O, from this time forth,
My thoughts be bloody, or be nothing worth!

However we interpret this soliloquy, and Hamlet’s words to the captain, we are in deep moral and psychological waters. By removing these passages, these complexities are also removed. Shapiro in his book presents us with a number of other changes Shakespeare introduced into the revised text that, consistent with the removal of complexity, present revenge as morally correct and desirable, and Hamlet as, essentially, a revenging angel.

First of all, since Fortinbras is no longer so strong a foil to Hamlet, Laertes’ role as a foil is emphasised, perhaps somewhat clumsily, with the addition of these lines:

But I am very sorry, good Horatio,
That to Laertes I forgot myself;
For, by the image of my cause, I see
The portraiture of his.

Hamlet’s beautiful lines on the acceptance of Fate are also subtly changed. In Q2, we had this:

We defy augury. There is a special providence in the fall of a sparrow. If it be, ’tis not to come. If it be not to come, it will be now. If it be not now, yet it will come. The readiness is all, since no man of aught he leaves knows what is’t to leave betimes. Let be.

In the Folio, this becomes:

We defy augury. There’s a special providence in the fall of a sparrow. If it be now, ’tis not to come. If it be not to come, it will be now. If it be not now, yet it will come. The readiness is all. Since no man has aught of what he leaves, what is’t to leave betimes?

The more committed avenger in the Folio text leaves out “Let be”. And the passage is rephrased so that the word “knows” drops out: Hamlet in the Folio no longer says that it is not possible to know, but, rather, that it is unimportant to have. The moral complexity of the Q2 text is here ironed out: in that text, Hamlet had resolved the questions that had been tormenting him by calmly accepting that it is impossible to know.
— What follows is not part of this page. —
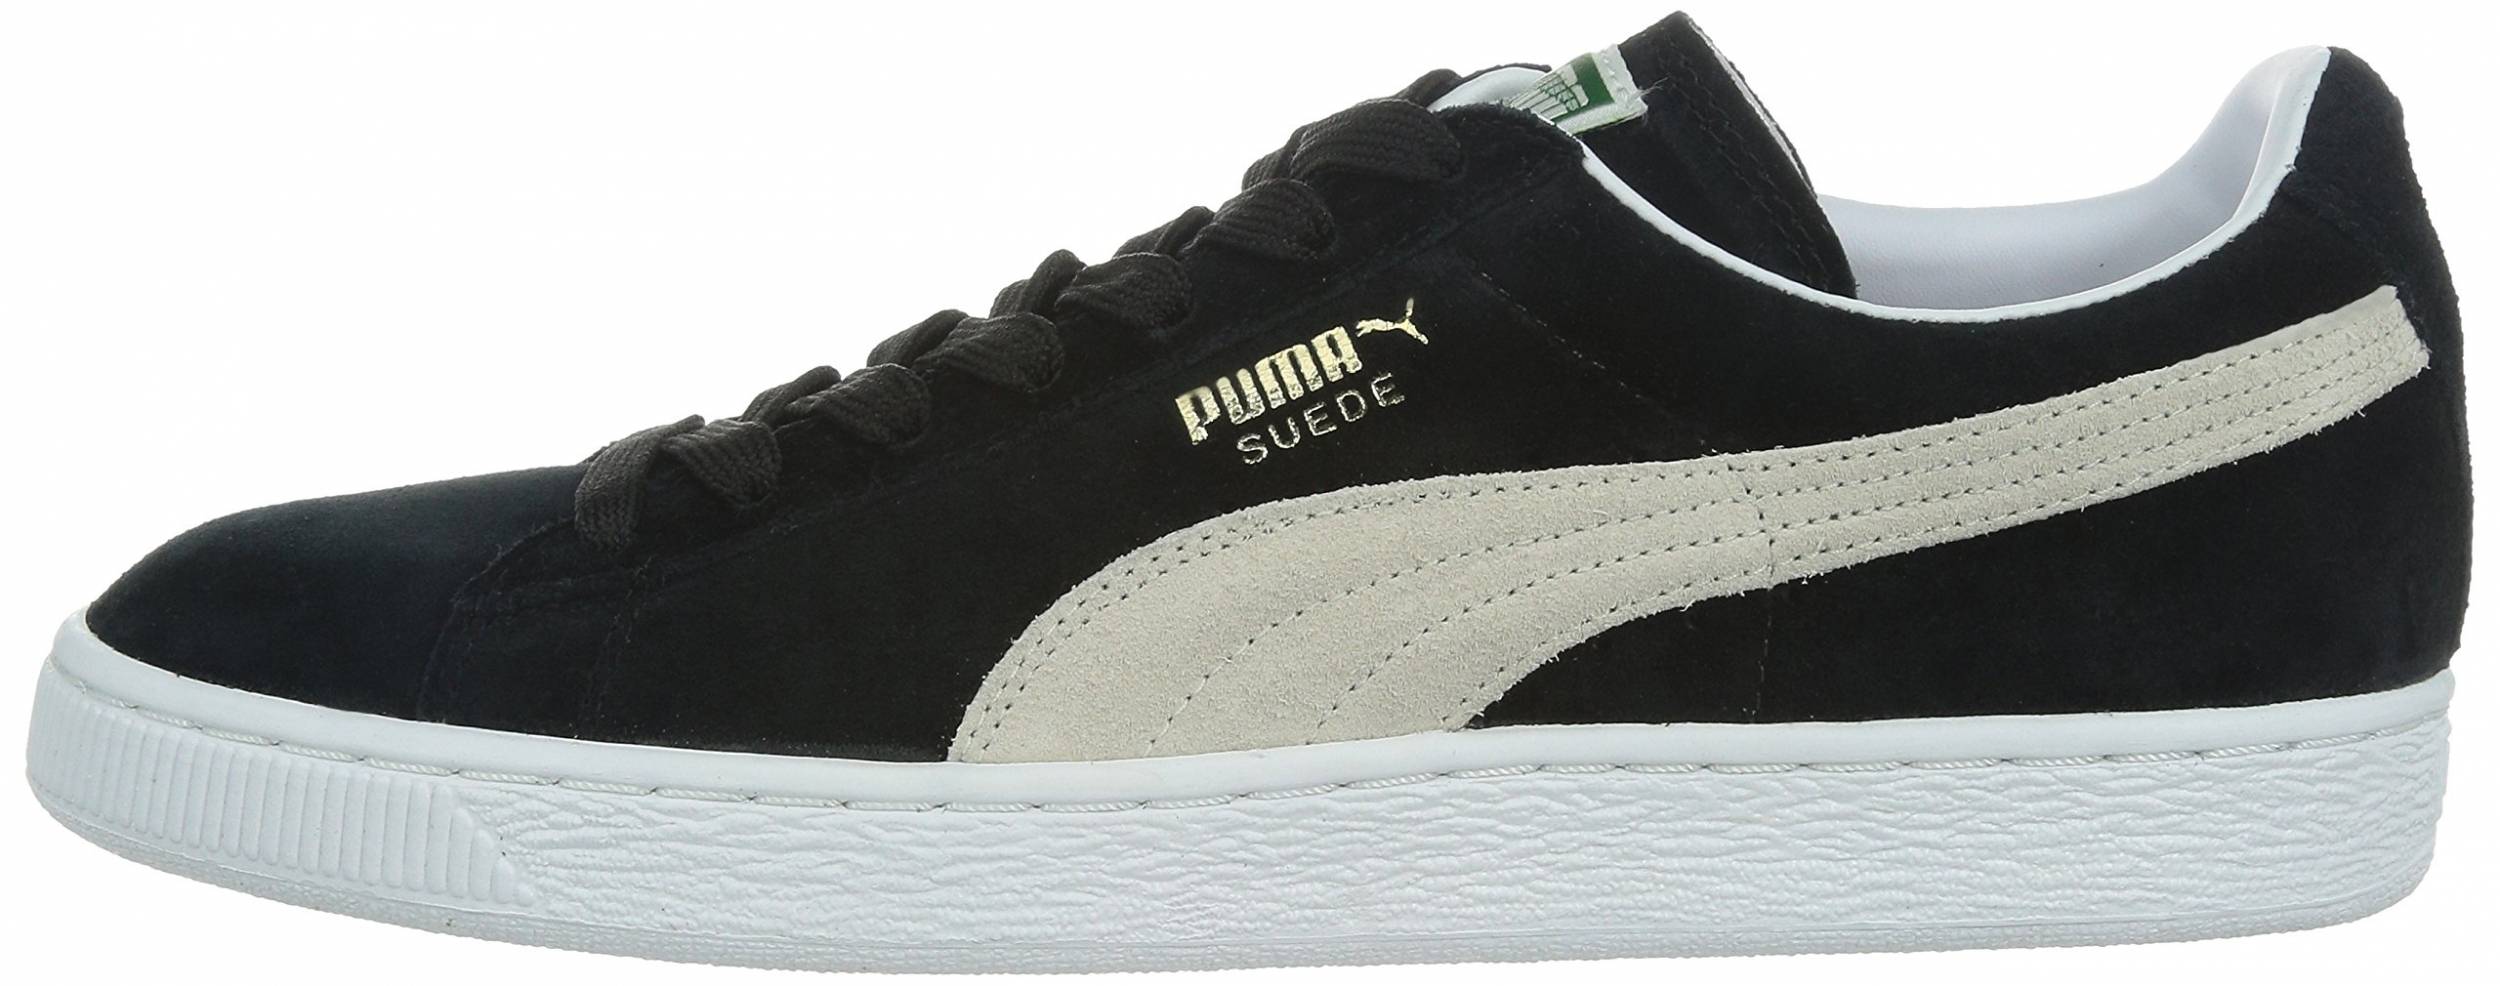 Save 58% on Puma Cheap Sneakers (52 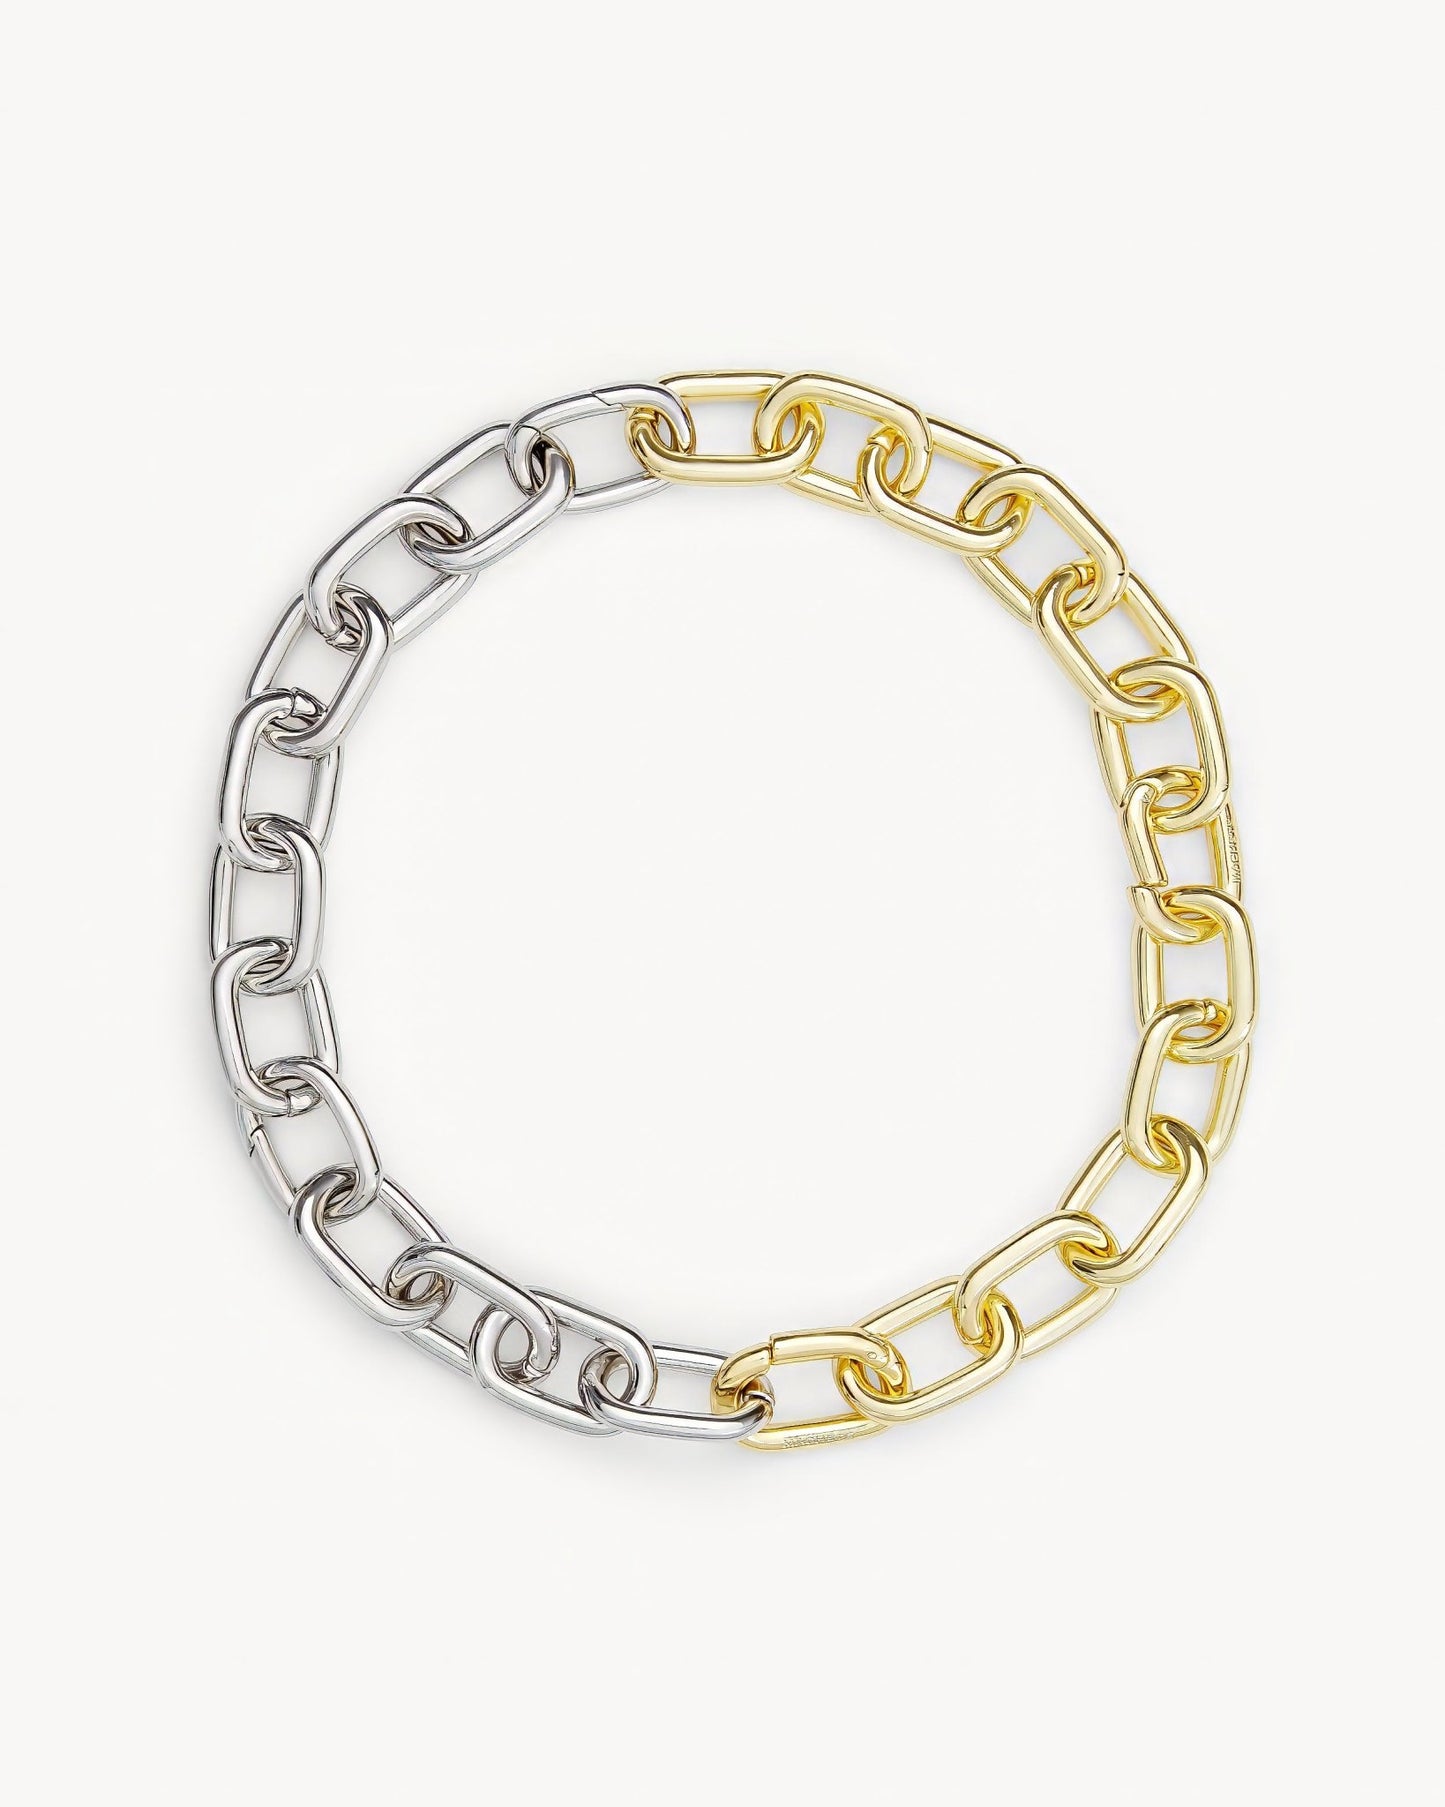 Interchangeable Link Necklace in Gold and Silver Split

In the Folio text, all those issues have disappeared altogether, leaving a somewhat simplified character, but also, for that very reason, a more credible avenger.

There is a further significant addition. In Q2, we had this:

He that hath kill’d my King and whored my mother,
Popp’d in between th’election and my hopes,
Thrown out his angle for my proper life
And with such cozenage. Is’t not perfect conscience?

This passage is clearly intended to prepare us for the act of revenge that is soon to follow, but in the light of the moral complexities introduced earlier, this passage sits awkwardly: has Hamlet forgotten about these complexities? But, with these complexities removed in the Folio text, this same passage can now be given greater dramatic force, and the sense of the impending revenge, and of its correctness, emphasised:

He that hath kill’d my king and whored my mother,
Popp’d in between the election and my hopes,
Thrown out his angle for my proper life,
And with such cozenage–is’t not perfect conscience,
To quit him with this arm? and is’t not to be damn’d,
To let this canker of our nature come
In further evil?

It is now “to be damn’d” not to take revenge – a sentiment that the Q2 text could not have accommodated.

(For a more detailed and a far more eloquent account of the impact of these changes, I would strongly recommend Chapter 15 of James Shapiro’s book 1599: A Year in the Life of William Shakespeare.)

So, what are the final impressions left by reading these competing texts separately? A certain clarification, certainly. To see the subtle touches of revision, those apparently little changes that alter so much, are in themselves a joy to behold. But while there are some aspects of the revised Folio text that I would not wish to be without – such as the extended scene in II,ii where Hamlet speaks with Rosencrantz and Guildenstern – it is the morally and psychologically complex Hamlet of Q2 that I find more compelling. Even though, admittedly, the final act of revenge in which the play culminates does nothing to resolve those complexities.